Expectations from the fans Fans expectations can lead to higher media coverage or vice versa. The media itself can have a massive influencing factor in the expectation of fans. This in turn can lead to higher expectations than the situation warrants. When England set off for the World Cup Finals in June 2010, the first phase group stage started with matches against USA and Algeria; high levels of expectations for easy wins lead to frustrating crowd reactions when the team drew the two matches, leading to Wayne Rooney commenting when leaving the pitch after the 0-0 draw against Algeria and saying “It’s nice to get booed by your own fans. Very loyal, for ****’s sake.”

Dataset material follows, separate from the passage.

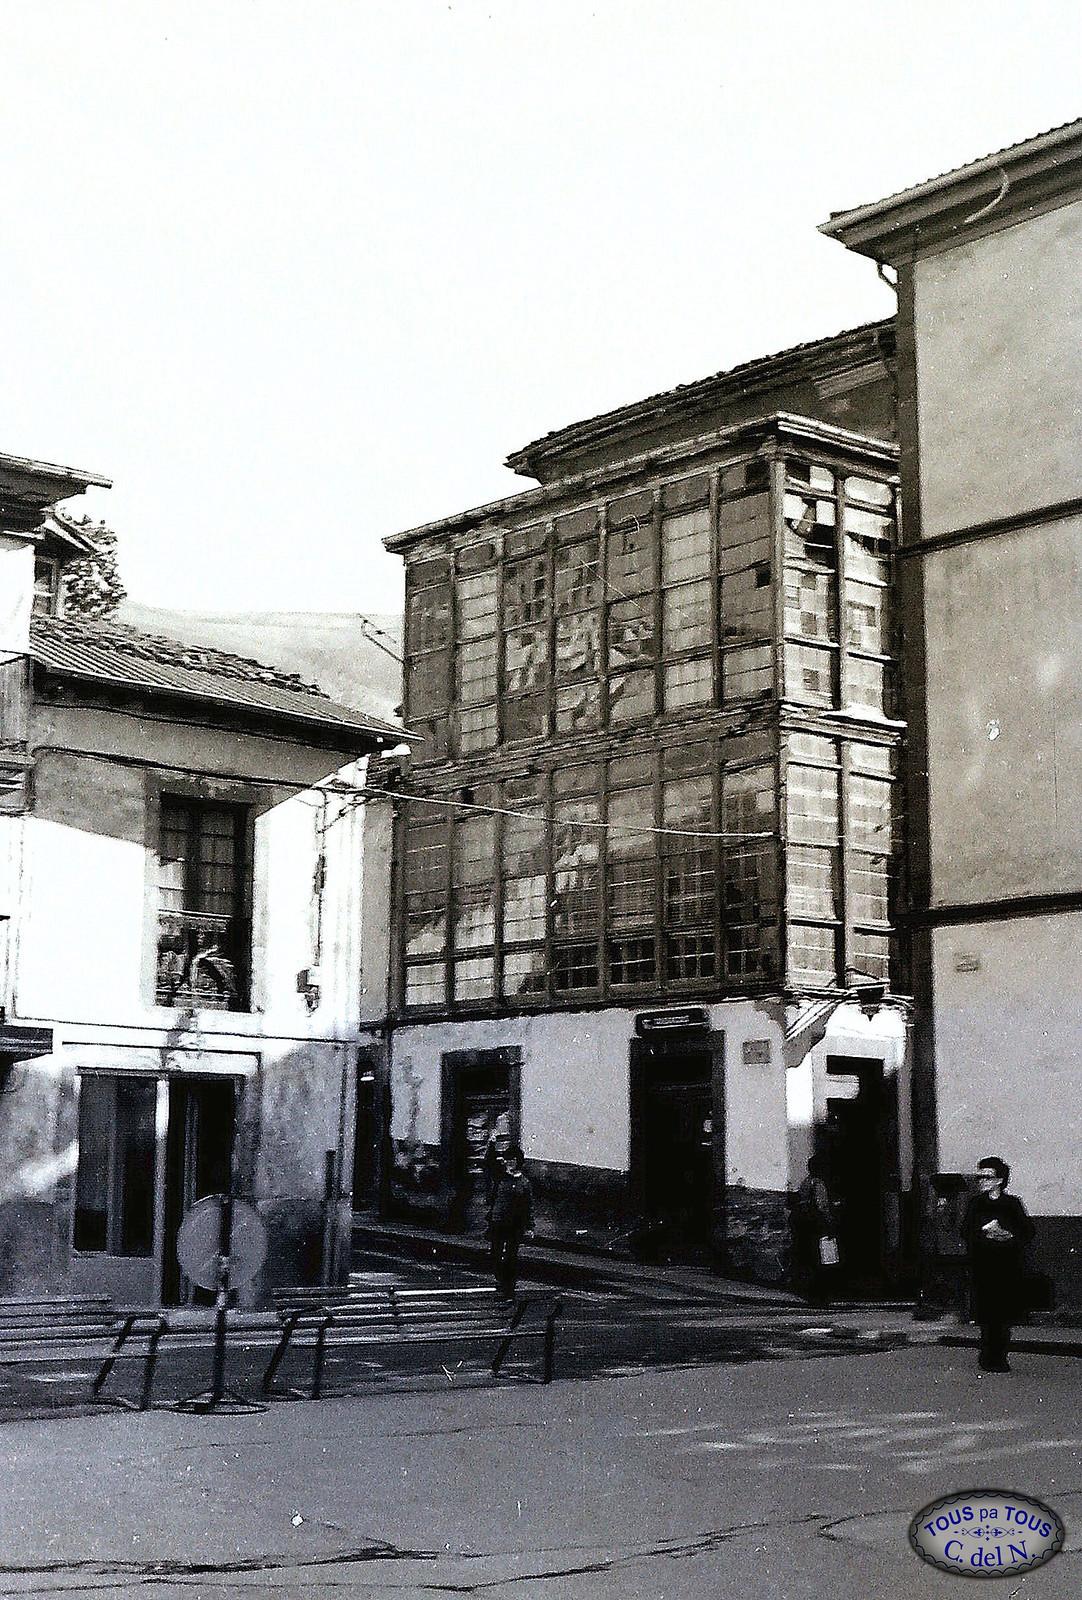 1985 - Plazoleta del Julter

Expectations from the manager or team The way in which a manager or team delivers their expectations can have either a highly empowering positive effect or add negative pressure. It depends upon the relationship and history of the manager and team. If there is a high level of respect and cohesion between members, then high levels of expectations can enhance confidence amongst individual players and the team as a whole. Previous performances would be a crucial influencing factor here; if the high expectations led to previous successes, then further expectations are likely to lead to further success. Unfortunately, the converse is true. Had there been high levels of expectations which were unfulfilled, then further levels of expectations will are more likely to lead to unfulfilled performances.
Expectations from the National Governing Body Where the NGB funds the athletes, high levels of expectations can lead to enhanced pressures to perform to maintain funding or ranking points. It depends on the athlete’s perception of the funding. If it is perceived as informative to confirm the NGB believes on your ability, then the chances of expectations enhancing performance increase. If the funding is deemed as controlling, it is likely to have the reverse effect.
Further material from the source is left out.